Se debe reconocer que en materia de seguridad -contra lo que muchos vaticinaban-, Santos no ha sido inferior a Uribe y, por el contrario, ha sostenido decididamente la política iniciada desde el gobierno anterior en defensa de los intereses colectivos, atacando sin tregua a los violentos, con independencia de si se trata de guerrilleros, paramilitares o narcotraficantes.
Esa es una actitud plausible del Estado -y del Presidente de la República en primer término-, que tiene entre sus mandatos constitucionales el de velar por la vida, los bienes, la honra, los derechos y libertades de todas las personas residentes en Colombia (Art. 2 C. Pol.).
El Jefe del Estado ha asumido su compromiso con toda seriedad, y lo acompañan en esa tarea personas tan valiosas como el ministro Rodrigo Rivera, cuya verticalidad es bien conocida, o como los comandantes de las Fuerzas Militares, del Ejército, de la Fuerza Aérea, de la Armada y de la Policía Nacional, todos ellos soldados de probadas capacidades, listos a combatir con su inteligencia y sus tropas a los delincuentes de todas las pelambres, para salvaguardar de manera efectiva la intangibilidad de los valores democráticos y los derechos de la sociedad.

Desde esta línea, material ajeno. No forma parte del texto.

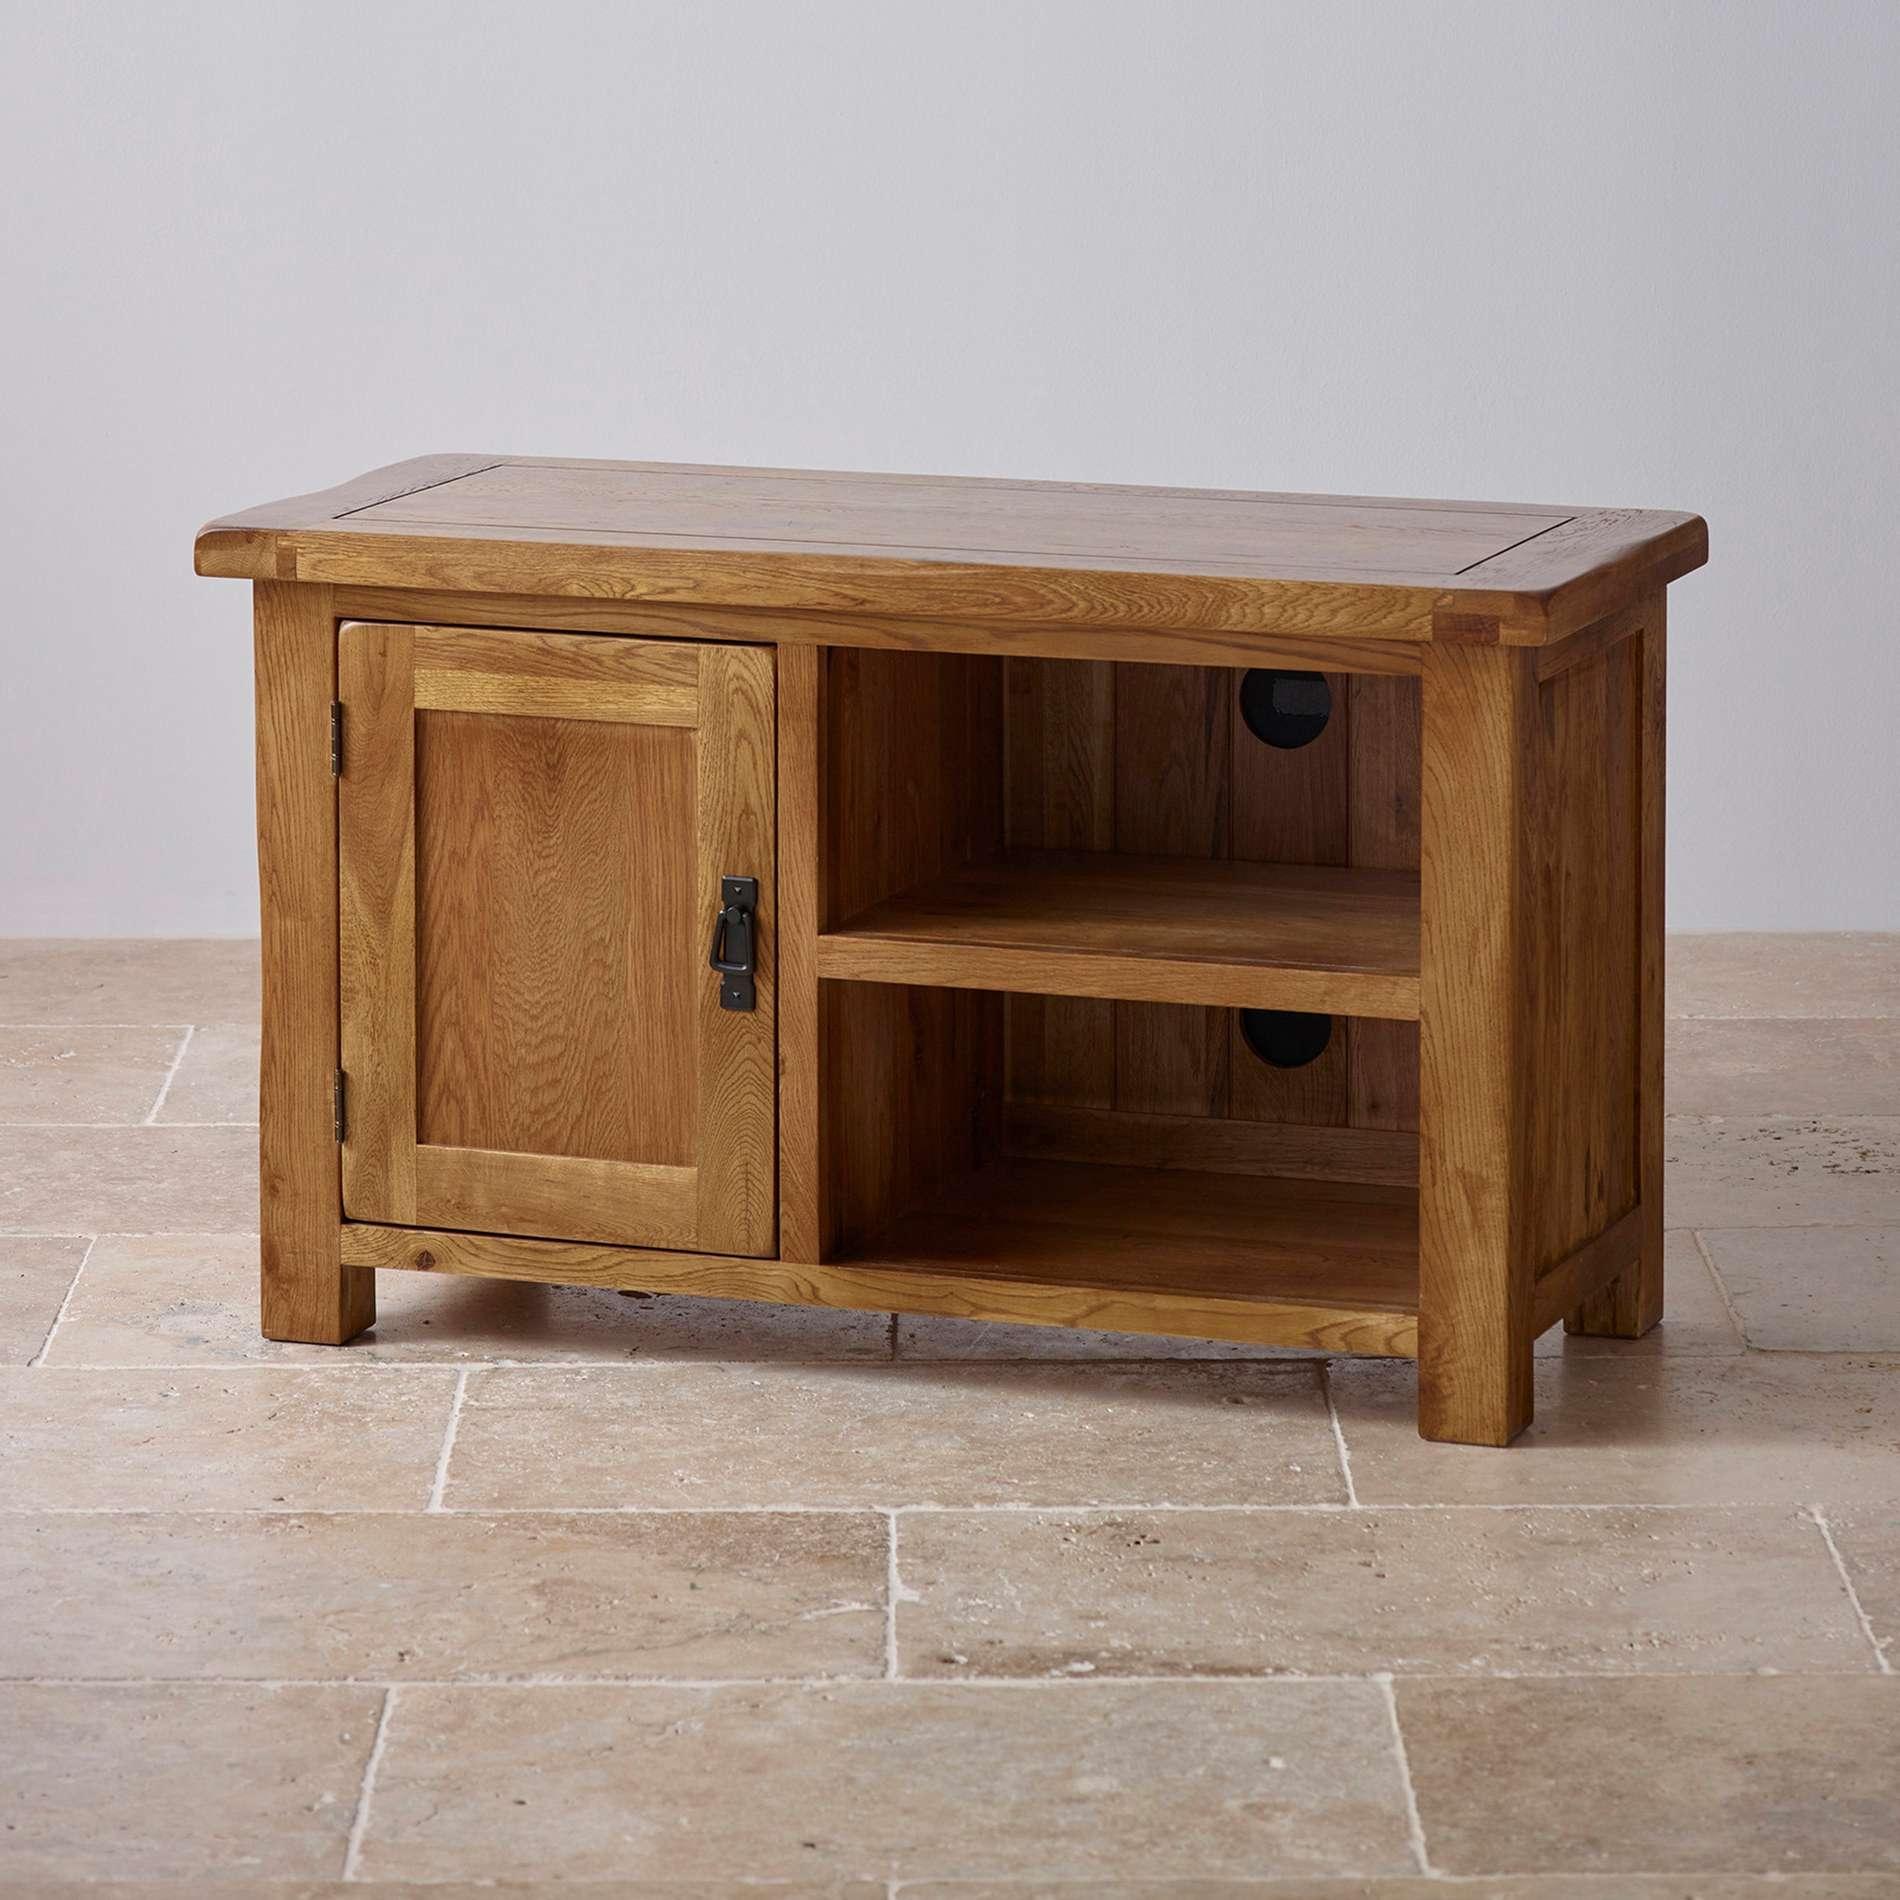 Original Rustic Tv Cabinet In Solid Oak | Oak Furniture Land Intended For Rustic Corner Tv Cabinets (View 5 of 20)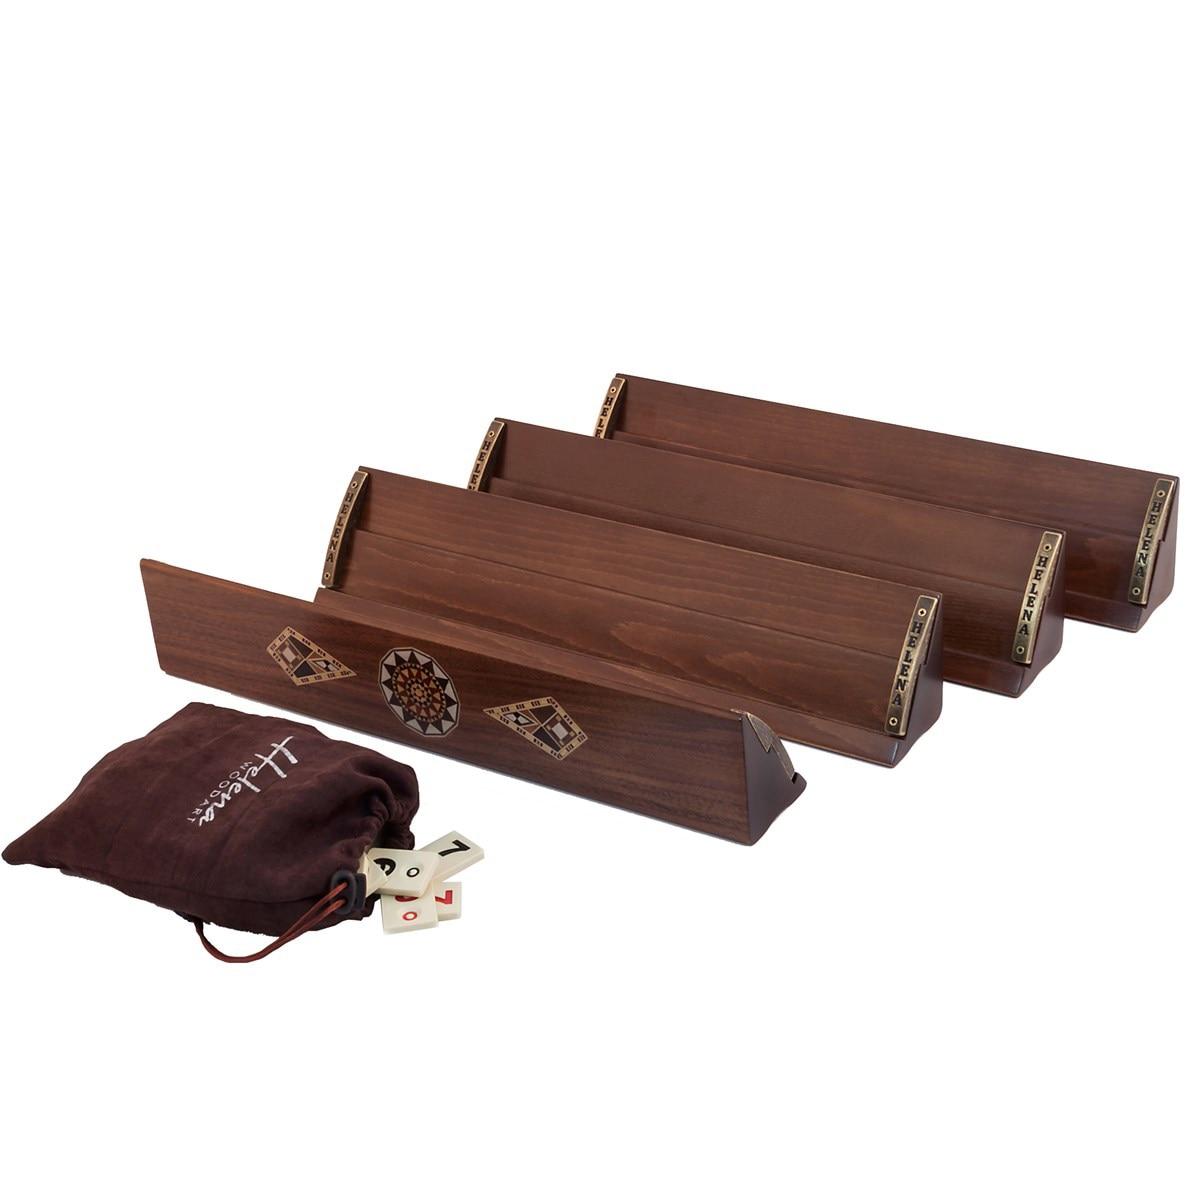 Luxury Handmade Rummy Game Set Walnut Solid Wood Rummykub 4 People Rummikub BoardGame Top Quality Gift Rumikub Ahsap Okey Takımı

Desde luego, el Presidente y sus ministros y colaboradores no pueden salir adelante en el logro de los objetivos que persiguen si no cuentan con la permanente y decidida colaboración de la colectividad. Los ciudadanos tenemos en ese campo una responsabilidad complementaria, y lo que se espera de todos -lejos de observar una conducta indiferente o pasiva- es que apoyemos resueltamente la lucha del Gobierno contra nuestros enemigos comunes, y que brindemos a las autoridades la ayuda que resulte indispensable, pues lo que está de por medio es la pacífica convivencia y la tranquilidad y seguridad públicas, atropelladas con crueldad y cobardía por las organizaciones delictivas.
Debo confesar la impresión que me causó (como seguramente a muchos colombianos) el General Naranjo, cuando ante las cámaras de televisión mostró el cuchillo que portaba siempre el peligroso criminal abatido -arma a la cual debía su escalofriante apodo porque con ella degollaba a sus víctimas-. Un símbolo ominoso de la muerte y del miedo que todavía imperan en muchas áreas del territorio colombiano. Y a la vez, símbolo de la resonante victoria obtenida por las fuerzas legítimas de la República.
El deceso de un ser humano jamás puede ser motivo de alegría o de celebración, pero en este caso, vista la horrenda trayectoria criminal de este personaje y considerada la formidable acción policial de la Navidad, surge espontáneamente un muy sincero "gracias" de todo el país al General Naranjo y a sus hombres.